Al otro lado de la piscina se encuentra el auditorio, un impactante escenario montado en el interior del tubo volcánico, con butacas y cojines dispuestos de forma escalonada para disfrutar de las obras de teatro, conciertos o espectáculos de danza contemporánea que a menudo se celebran. La acústica natural junto a una iluminación suave son los ingredientes que más llaman la atención. Una forma fácil de experimentarlo (y gratis, con la entrada) es viendo el documental Las Manos (consultar fecha proyecciones).

7. Vista de pájaro desde la terraza superior.

Una vez recorridos todos los rincones que rodean la piscina, subo por la original escalera que nos lleva a la terraza superior. Aquí podemos contemplar el Jameo Grande desde arriba, donde el agua de la piscina se confunde ante nuestros ojos con el agua del mar.

Me saco una foto y paseo por la cafetería ajardinada, donde los visitantes charlan y toman algo fresco junto a una bella fuente.

8. Aprendiendo en la casa de los volcanes.

Siguiendo por la terraza, accedo al espacio museístico de la Casa de los Volcanes, un centro que desde 1987 ofrece a los visitantes información didáctica sobre vulcanología. Aquí conoceremos los diferentes tramos que componen el tubo volcánico, cómo las erupciones han ido construyendo las Islas Canarias a través de la historia o los distintos tipos de basaltos que desprende un volcán.

A los niños y niñas les encanta esta zona. Puedes verlos correteando de aquí para allá, apretando los botones que activan gráficos y simulaciones, o reflejándose en los distintos juegos de espejos repartidos por la sala. A mí me gusta asomarme a los balcones ajardinados porque nos ofrecen una nueva perspectiva del Jameo Grande.

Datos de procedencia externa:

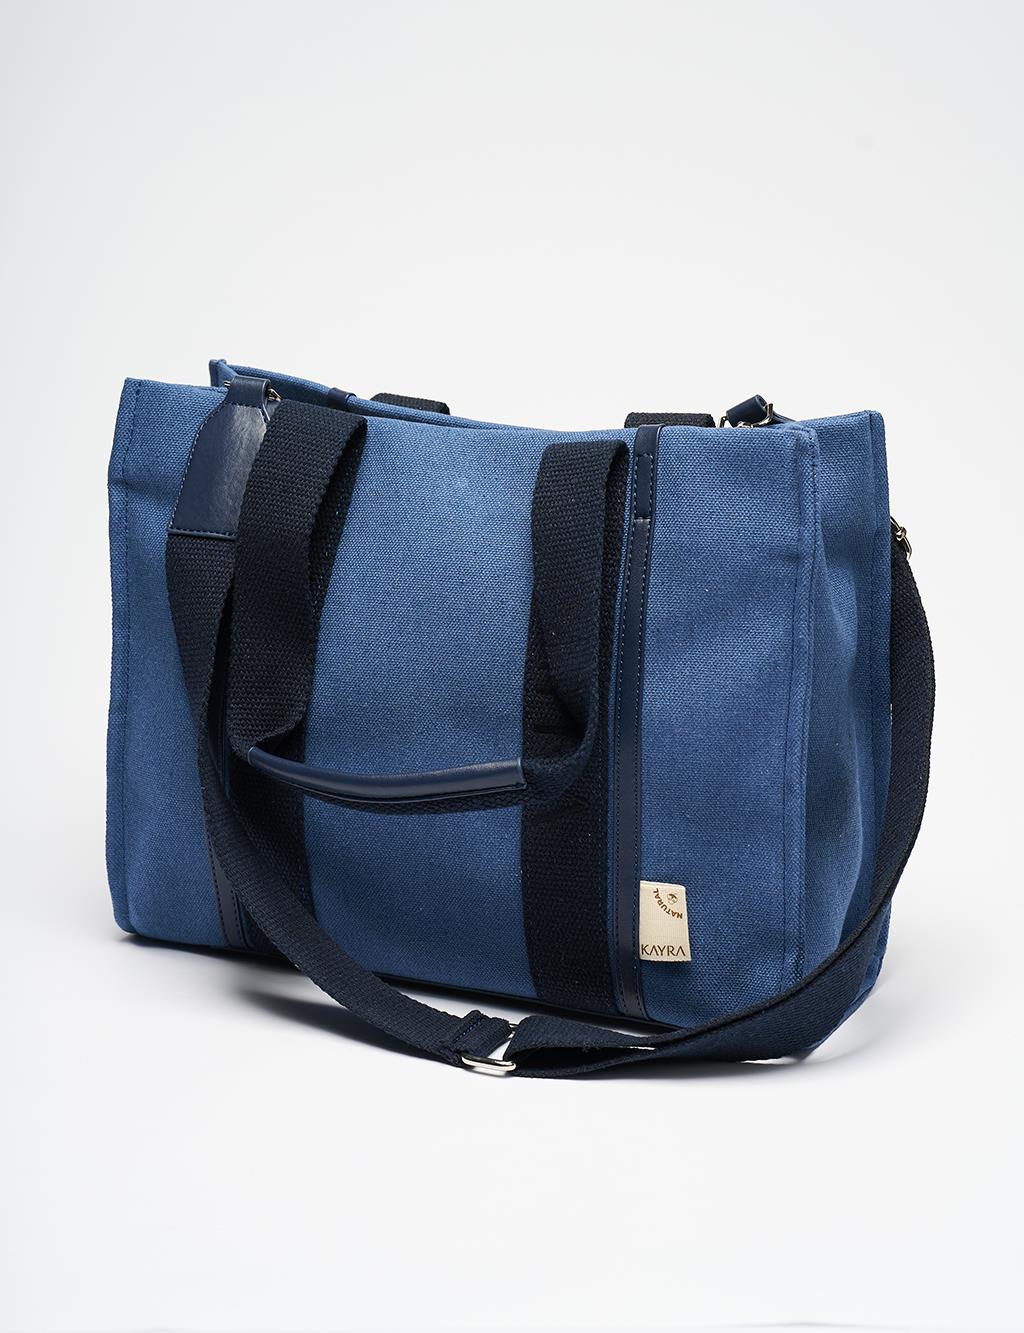 Canvas Tote Bag with Woven Strap Indigo-Navy Blue

Avanzo por la Casa de los Volcanes y nos encontramos con la exposición de Jesús Soto uno de los grandes creadores de los Centros de Arte, Cultura y Turimo de Lanzarote, que acompañó a César Manrique en mucho de los proyectos.

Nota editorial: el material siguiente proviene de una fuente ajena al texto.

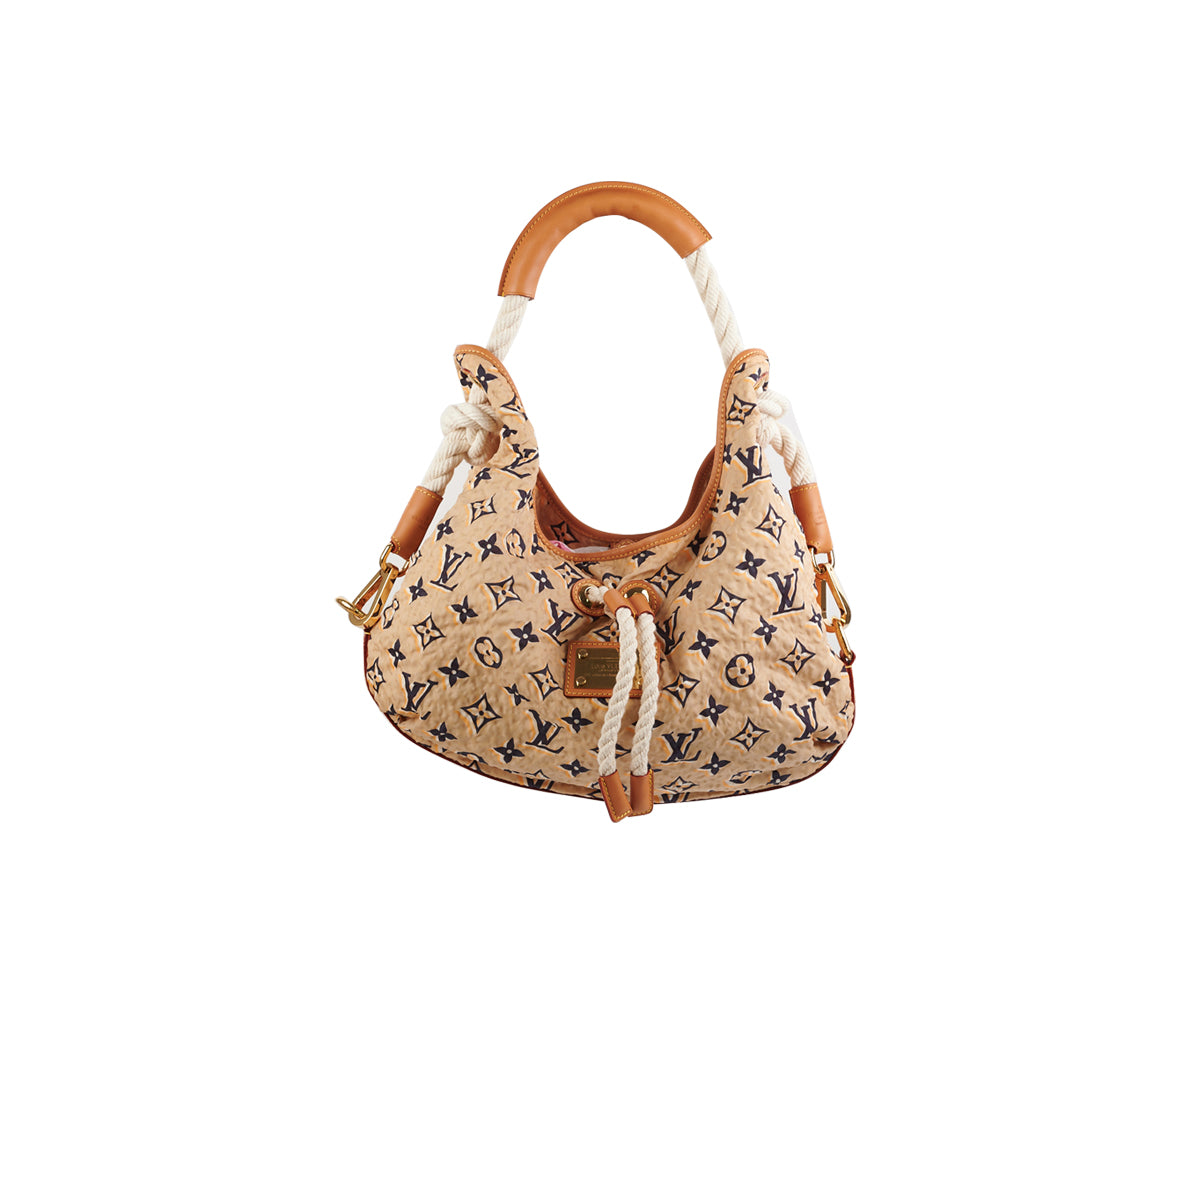 Designer Handbags Collection for Women  LOUIS VUITTON
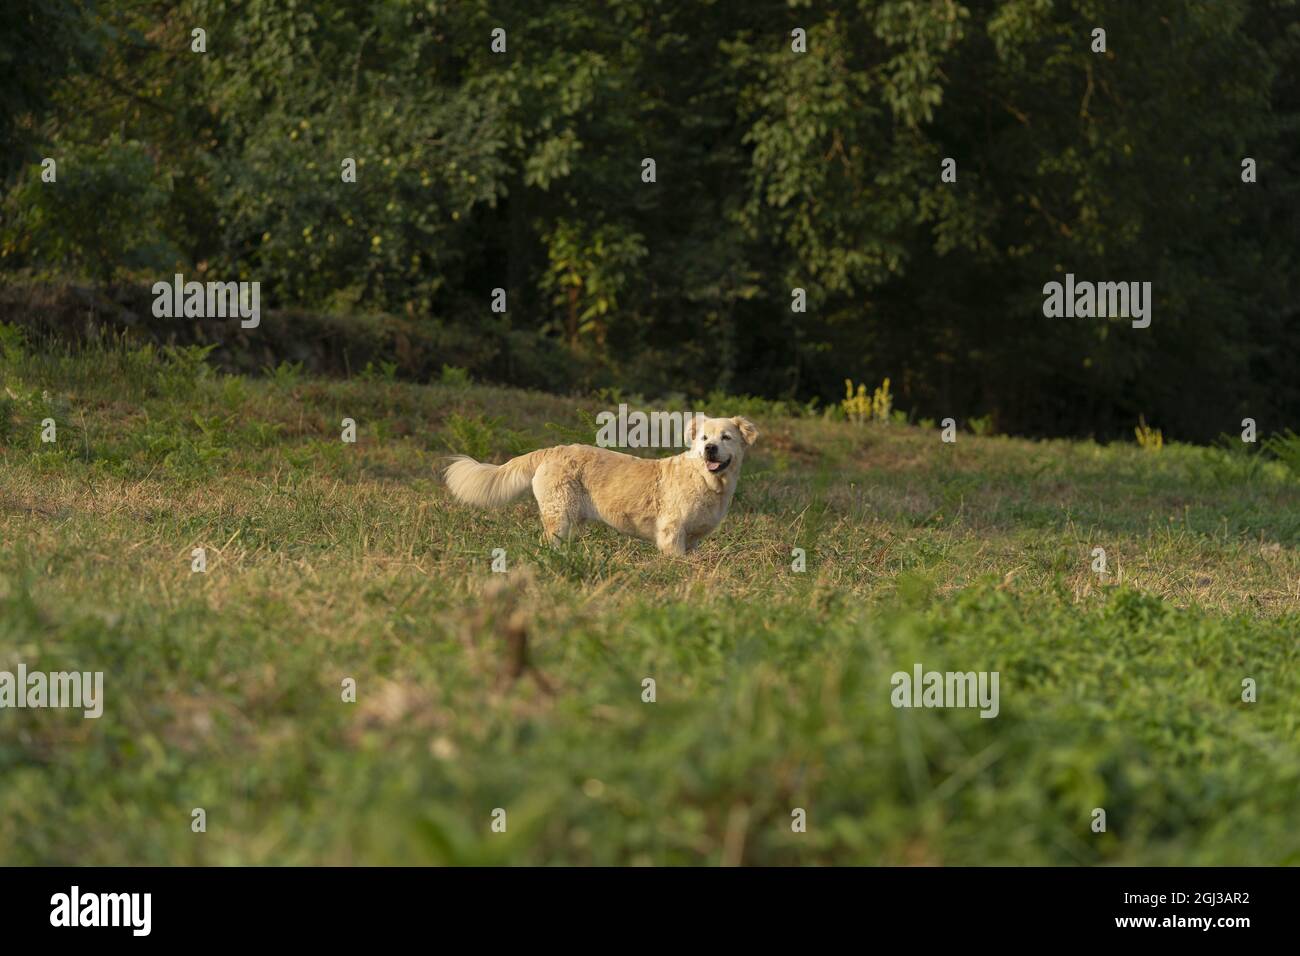 Mignon chien de retriever doré avec nanisme nageant dans la rivière Banque D'Images
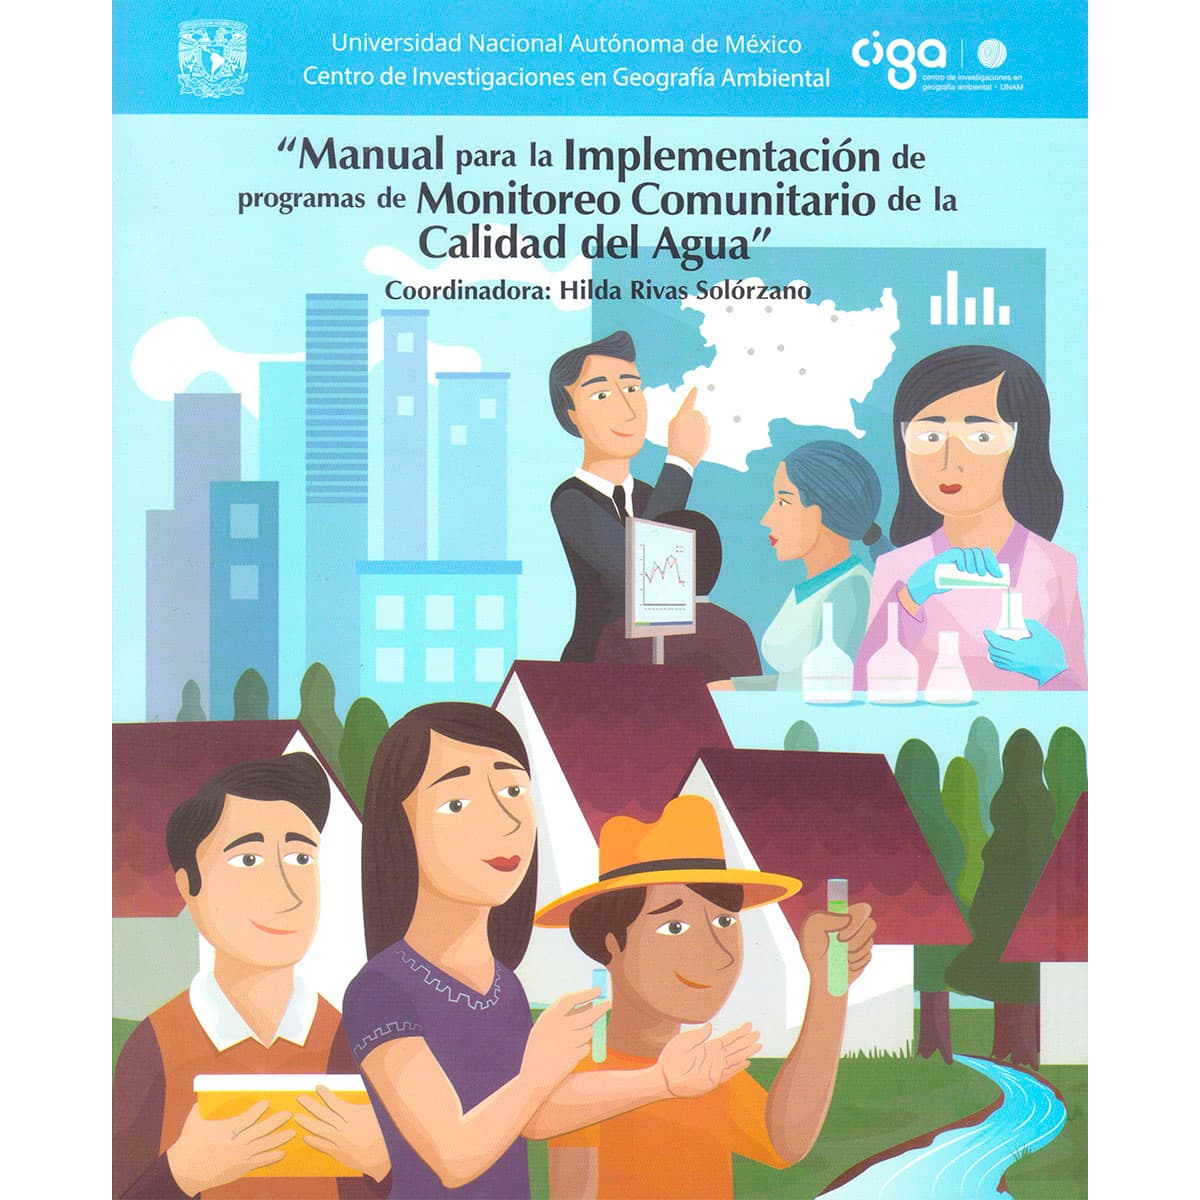 MANUAL PARA LA IMPLEMENTACIÓN DE PROGRAMAS DE MONITOREO COMUNITARIO DE LA CALIDAD DEL AGUA

Jesús Soto Exposición permanente en Jameos del Agua

9. De regreso al mundo exterior.

Salgo de la Casa de los Volcanes por unas escaleras que imitan la estética arquitectónica de las casas lanzaroteñas, con su color blanco y sus sencillas ventanas de madera. Cruzo la tienda de souvenirs, donde los turistas compran algún recuerdo para sus familiares o tal vez para recordar esta experiencia que acaban de vivir.

Entrar a los Jameos del Agua es entrar a un túnel volcánico que nos transporta al pasado, pero también al presente. Un presente donde el arte y la naturaleza comparten escenario, donde la paz y la armonía nos envuelven. Y, aunque tengo la ropa seca, salgo con la sensación de que mi espíritu pudo darse un buen chapuzón en el Lago, junto a los cangrejos albinos que custodian esta joya volcánica de Lanzarote.